With the 1-1.5% advance in indices today we reached our target in the S&P and got within 10 points in Dow futures (see previous posts)…that is good enough for us. We are not suggesting reversing but exit all remaining longs in the indices is my suggestion. Yes an ascending triangle in the making in gold which should mean in the next few sessions we get a breakout before we reach the apex. A trade above $1694; the 50% Fibonacci level should be followed by $1744 the 38.2% level. Silver picked up nearly 2% briefly peeking its head above $33/ounce. Most clients have long exposure with a target of $35/ounce. The dollar has closed lower six out of the last seven sessions and is approaching the 50% Fibonacci levels mentioned at 77.00 in recent posts. The Loonie is fast approaching our par target even quicker than we anticipated. Tighten stops in this trade as we may get cross currents as we think metals are supportive but we expect a trade lower in energies…trade accordingly.
Aggressive traders can fade rallies in the Yen. In the coming days we will likely be establishing bearish plays in the Yen…stay tuned. Continue to buy dips in cocoa. OJ settled back above the 50 day AM for the first time since the first week of August. November longs are fighting back from the dead. We need further help from “Mr. Market” but clients have a chance. A trade closer to $1.70 should be used to offset remaining longs. 1-2 more basis points might be all we get lower in 30-yr bonds on this leg. If given the chance this week we would exit our clients bearish trades.

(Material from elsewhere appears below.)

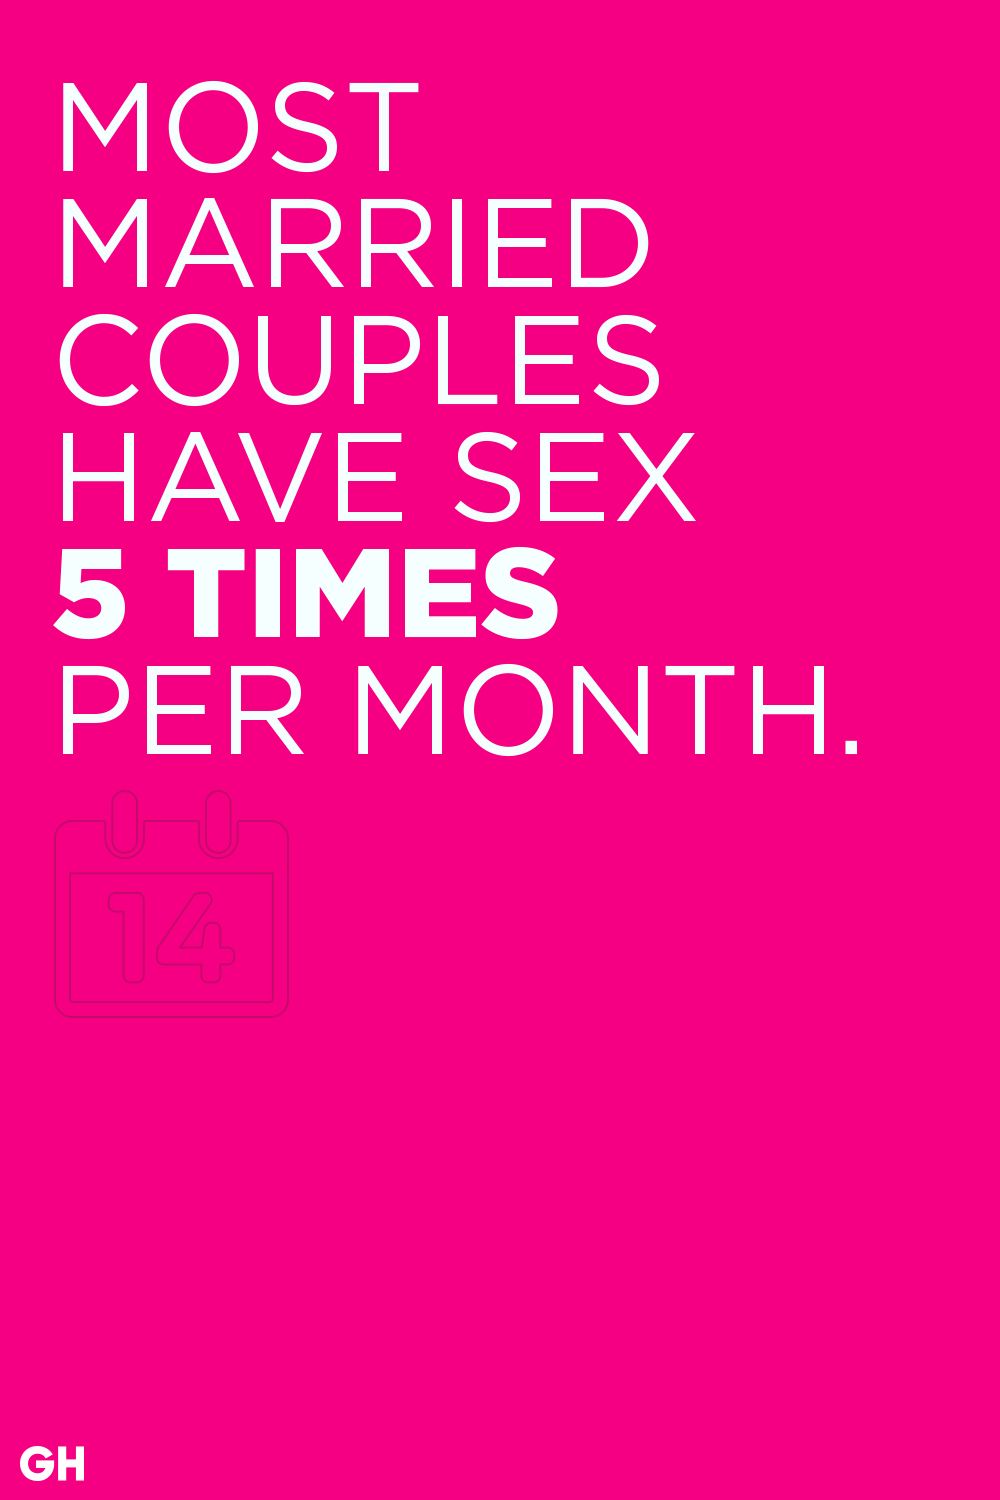 10 Surprising Statistics About Married image pic

The USDA report today proved to be bearish to wheat, neutral to corn and bullish soybeans and the markets traded accordingly. Corn was slightly lower, soybeans slightly higher and wheat gave up 5%. Some clients remain lightly long corn and soybeans expecting further appreciation in the coming weeks. Clients wait on the sidelines looking for a lower long entry in 2012 live cattle contracts.
Risk disclosure: The risk of loss in trading commodity futures and options can be substantial. Past performance is no guarantee of future trading results.